Since 2017, Barbara Polla had worked on a cultural, artistic and social project aiming to install art by the UK artist Robert Montgomery in the public space of Perama, a city near Athens in Greece where she lived as a teenager. The project also includes a pedagogic program with scholars from Perama, a collaboration with the Athens School of Fine Arts, films, publications and theater plays to be presented in the open air Mikis Theodorakis Theater of Perama.[ citation needed ]
In 1991 Polla got involved in politics, first as member of the Geneva City Council, and then as canton of Geneva deputy from 1993 to 1999 [14] and member of the national parliament from 1999 to 2003. [15] During her tenure as politicians she stood up for the freedom of research, preimplantatory diagnosis and the legalisation of abortion. She left the Liberal Party of Geneva in 2007.
She has been co-curator of many exhibitions on the theme "Art & Prison". The first one, entitled Public Enemy [16] was organized at Magda Danysz Gallery [17] in 2013 ; the next one at the contemporary art centre le Château des Adhémar in Montélimar, La Belle Echappée; [18] in March 2015, La Belle Echappée, was shown at ISBA (Beaux Arts Institute of Besançon). The same evolving show, [19] Le Sens de la Peine [20] was also presented in Nanterre [21] in a contemporary art exhibition space called the Terrasse, [22] in collaboration with Sandrine Moreau. [22]

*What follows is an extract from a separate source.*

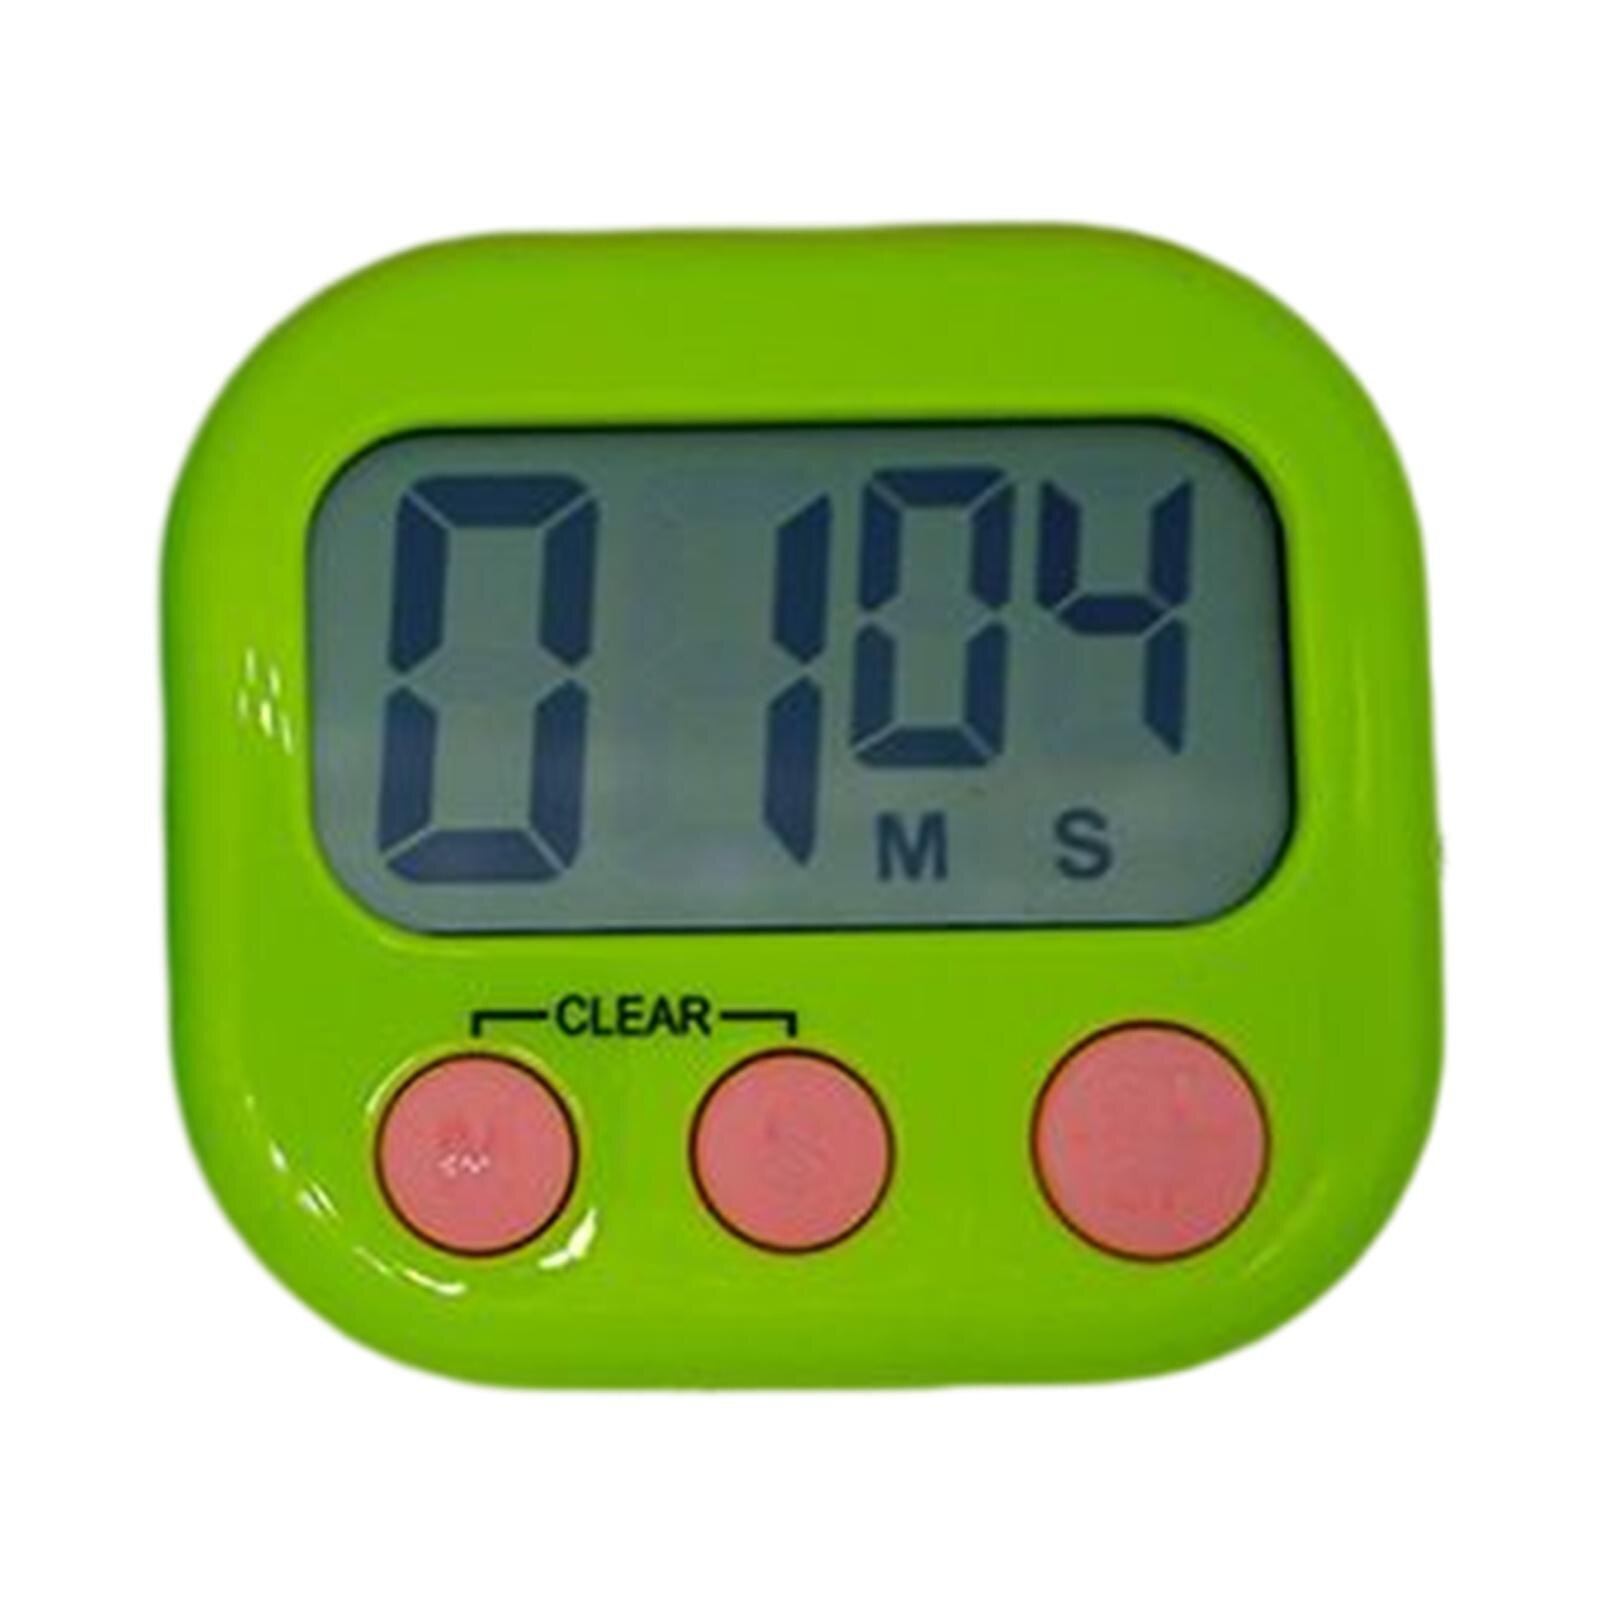 Digital Timer LCD Screen Loud Alarm Classroom Timer for Teacher Supplies Baking Office Sports Games Cooking

In 2018, Polla curated two museum exhibitions on the theme, one at Château de Penthes in Geneva called LA PRISON EXPOSÉ, for the Fondation des Suisses dans le Monde, in collaboration with the local jail, Champ-Dollon; the other at the Tasmanian Museum and Art Gallery, in Hobart Tasmania, called A JOURNEY TO FREEDOM. [23]
Polla organizes bimonthly conferences dedicated to video art: VIDEO FOREVER taking place in different sites: Magda Danysz Gallery, Palais de Tokyo, [24] Musée de la Chasse et de la Nature, [25] Frank Perrin studio, National Finish Theatre of Helsinki [26] and UNSW Galleries in Sydney. Barbara Polla regularly publishes articles about video on the online magazine art-critique.